When replying, please edit your Subject line so it is more specific
than "Re: Contents of General digest..."


Today's Topics:

   1. returning snippets centered on matches... (Travis Raybold)
   2. Re: returning snippets centered on matches...
      (Shannon Scott Shiflett)
   3. Re: returning snippets centered on matches... (Travis Raybold)


----------------------------------------------------------------------

Message: 1
Date: Tue, 04 Oct 2005 14:06:58 -0700
From: Travis Raybold <travis at raybold.com>
Subject: [XQZone General] returning snippets centered on matches...
To: General XQZone Discussion <general at xqzone.marklogic.com>
Message-ID: <4342EEF2.5060709 at raybold.com>
Content-Type: text/plain; charset="iso-8859-1"

im searching a data node, and want to return just a subset of the text,
centered on the matching string. i've modified some code kelly sent me,
and it works fairly well, but a search that used to take a fraction of a
second now takes 5 seconds. has anyone coded a function to return
snippets instead of the whole text that are reasonably efficient? i
could code this in php, but it seems a natural place to use marklogic,
if i can just figure out how to make it efficient.

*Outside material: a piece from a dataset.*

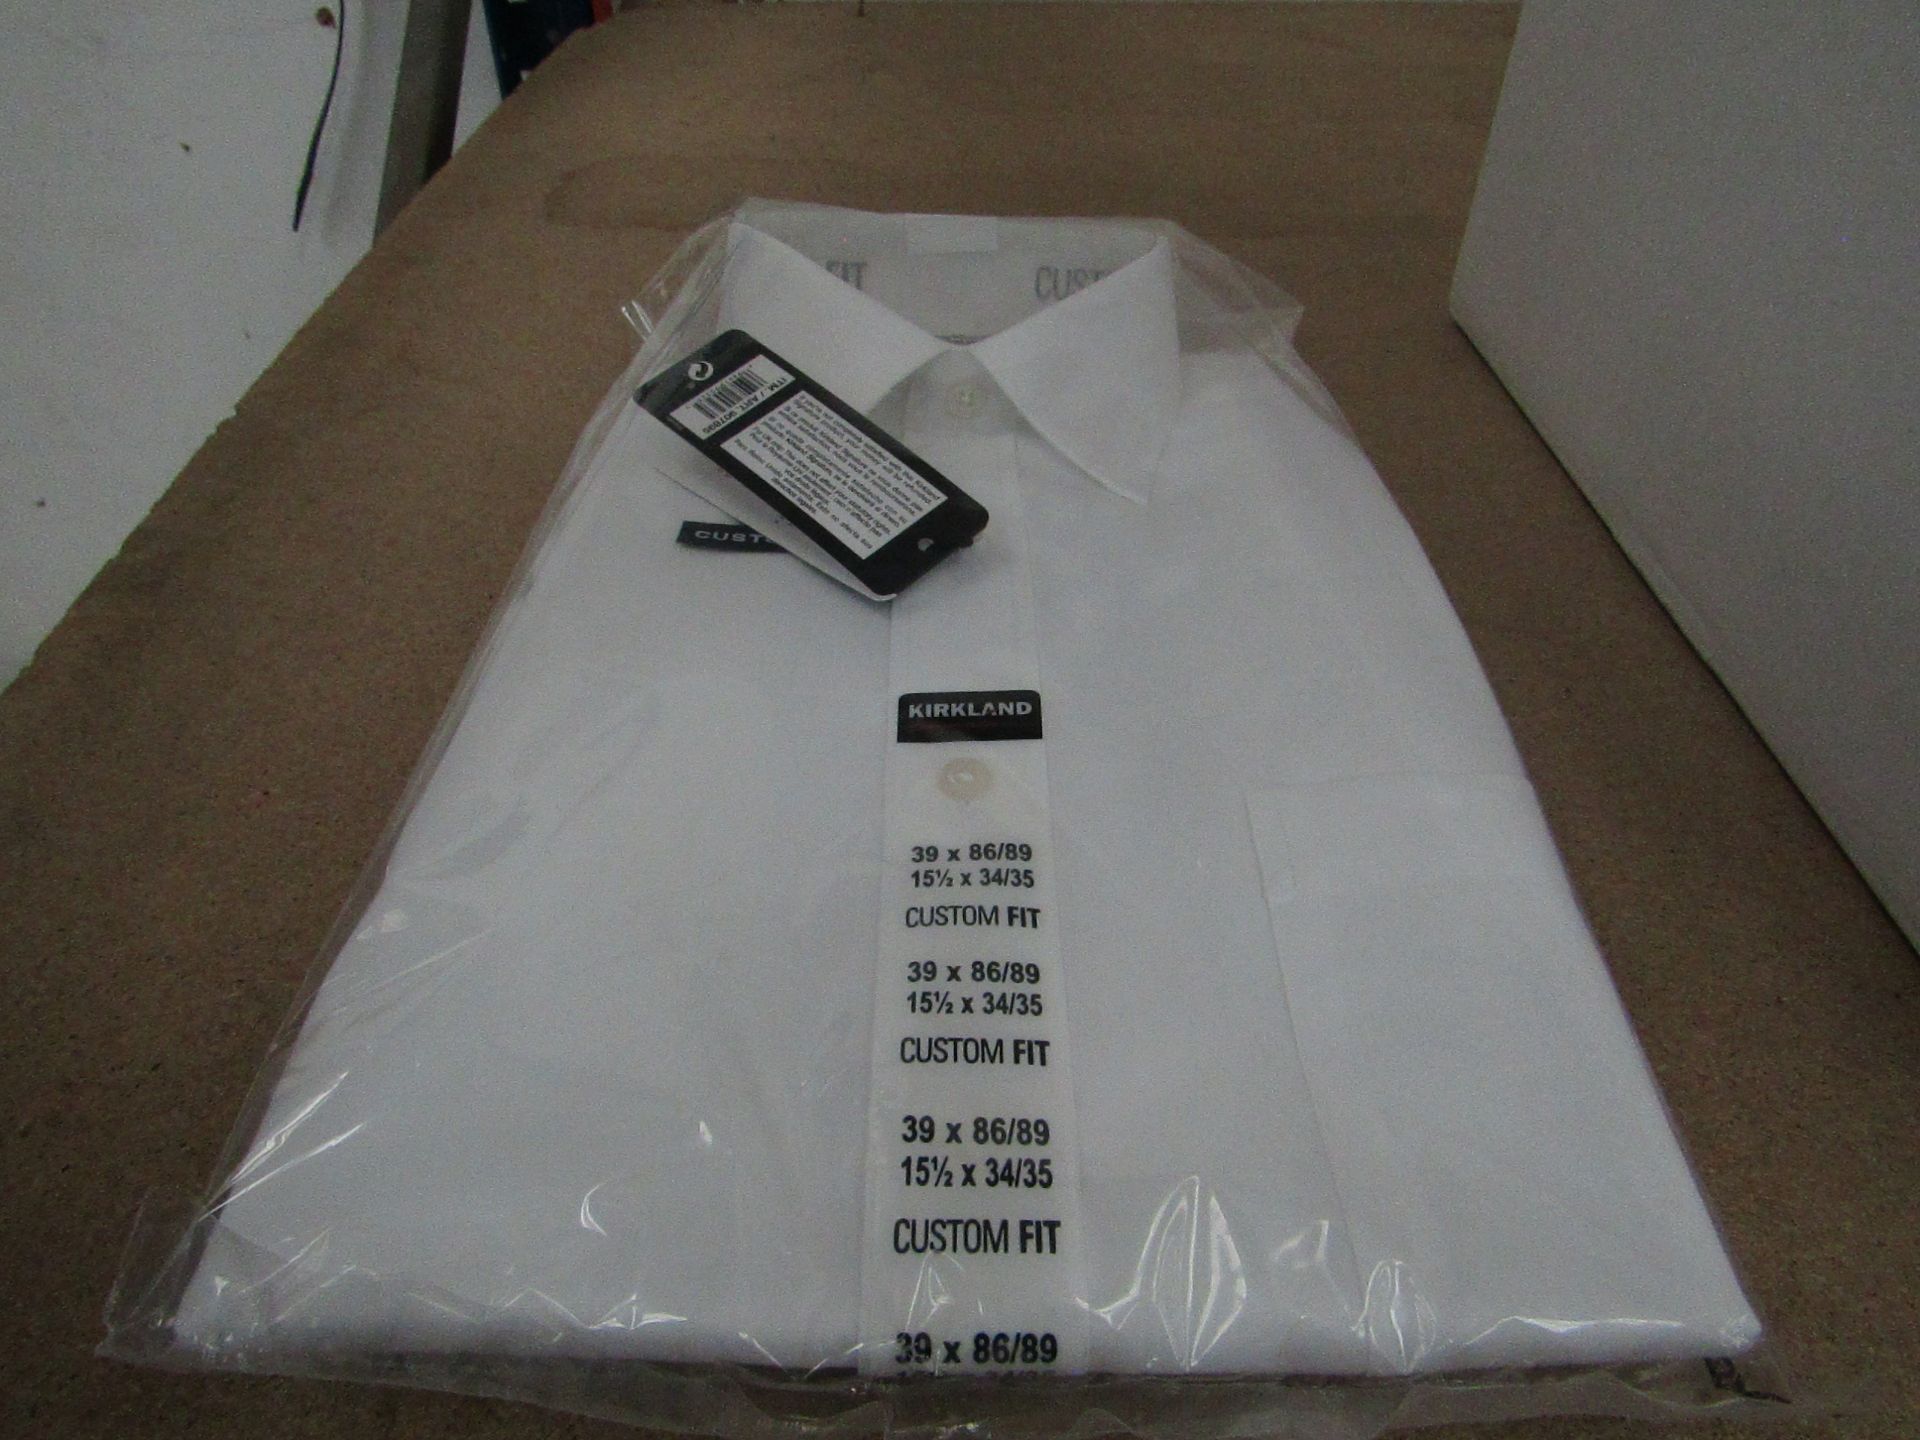 Kirkland - Custom Fit White Buttoned Shirt - ( 39 x 86/89 - 15.5 x 34/35 ) - New & Packaged.
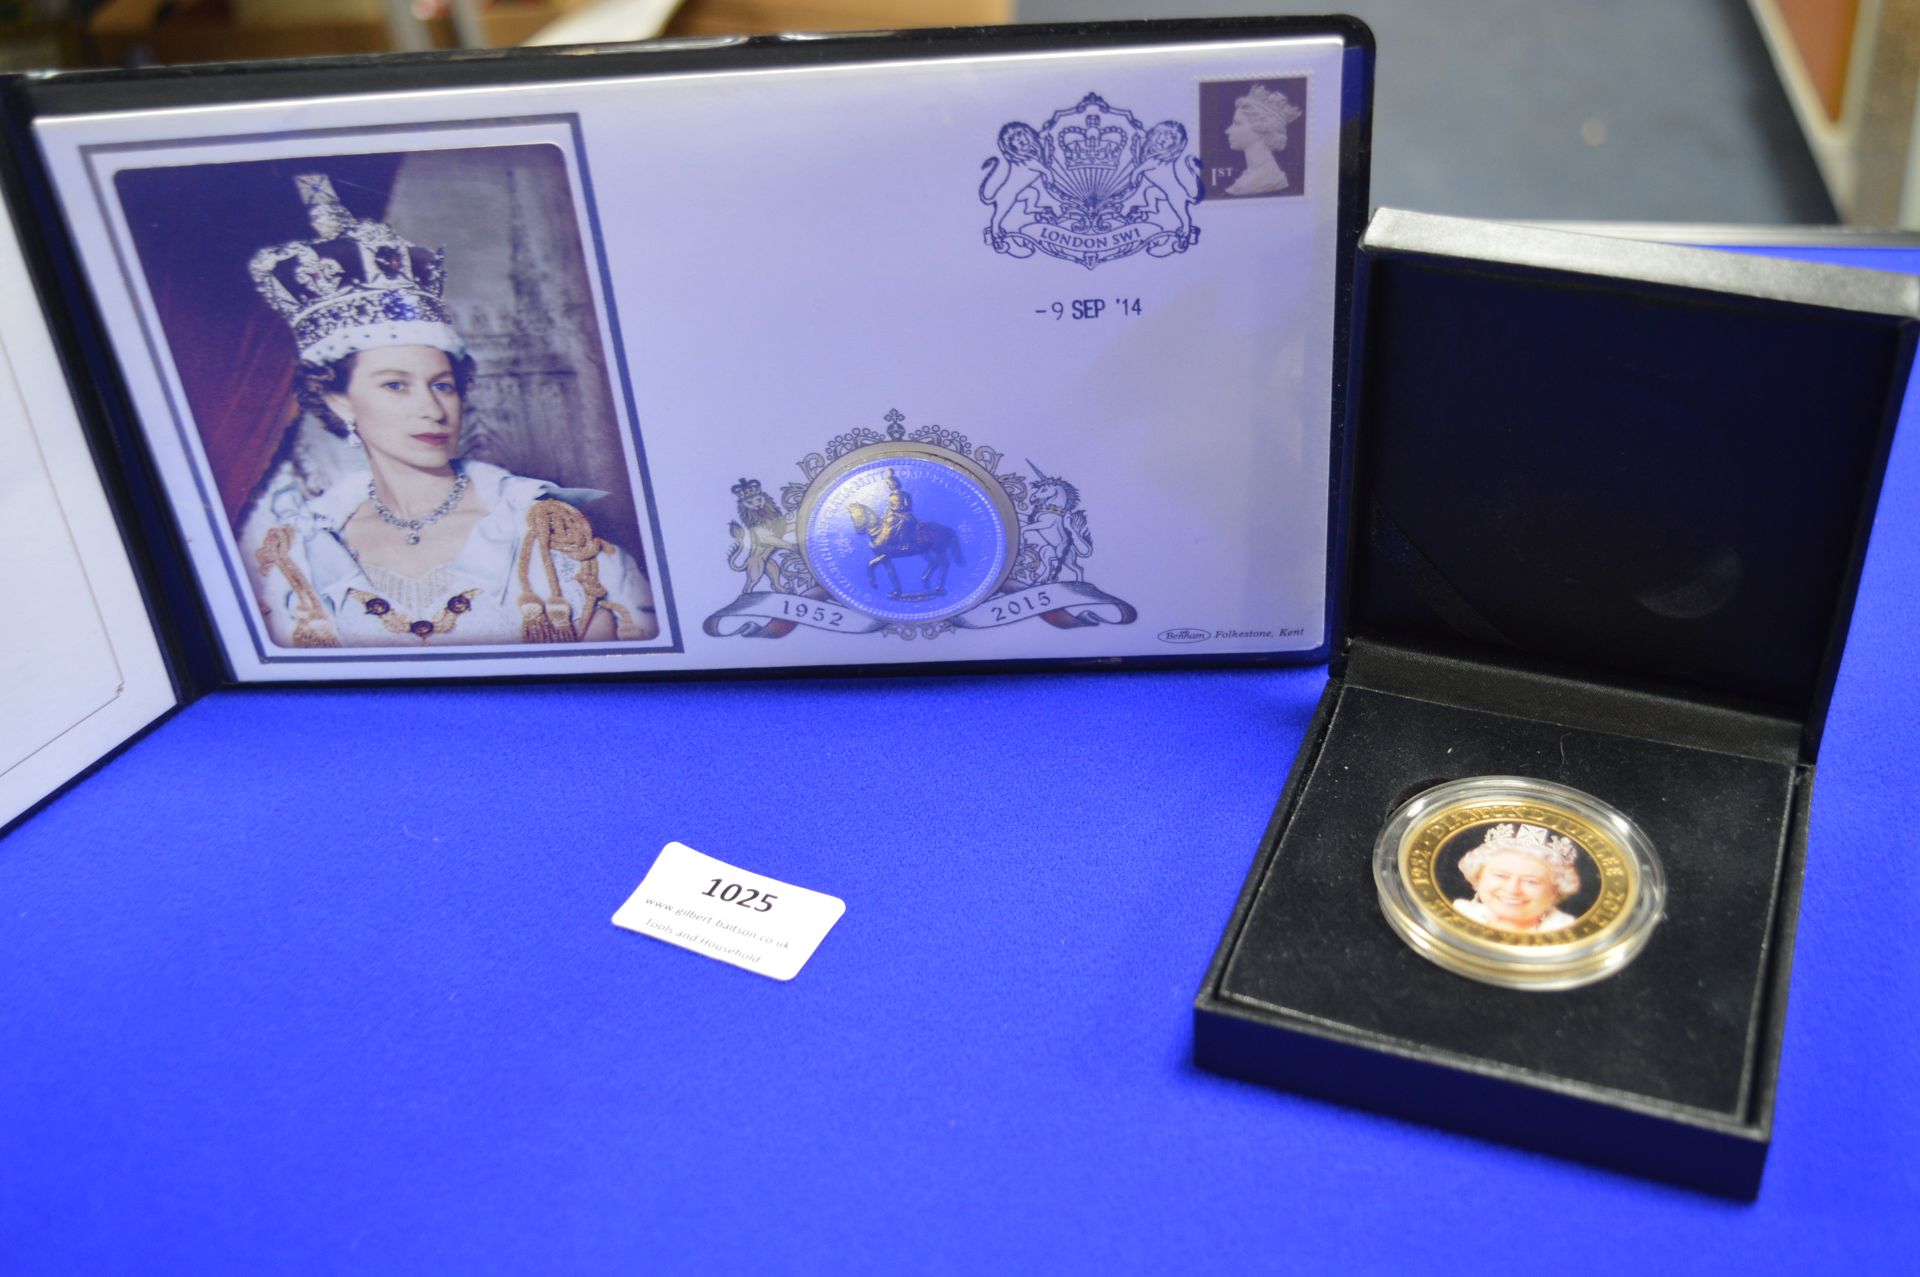 Queen Elizabeth II 1953 Crown Commemorative Cover plus 60 Year Diamond Jubilee Crown

thanks in advance for any help, the sample code follows

--travis

----------------------------------------------------------------------------------------------------


let $string := "totalitarian"

let $query := cts:element-word-query(xs:QName("data"),$string)

return

for $class in (cts:search(//class,$query))

return

<result>

{

let $scope := 5



let $hit :=
cts:highlight($class,$query,concat("<TRAVISRAYBOLDCONSTANT_START>",$cts:text,"<TRAVISRAYBOLDCONSTANT_END>"))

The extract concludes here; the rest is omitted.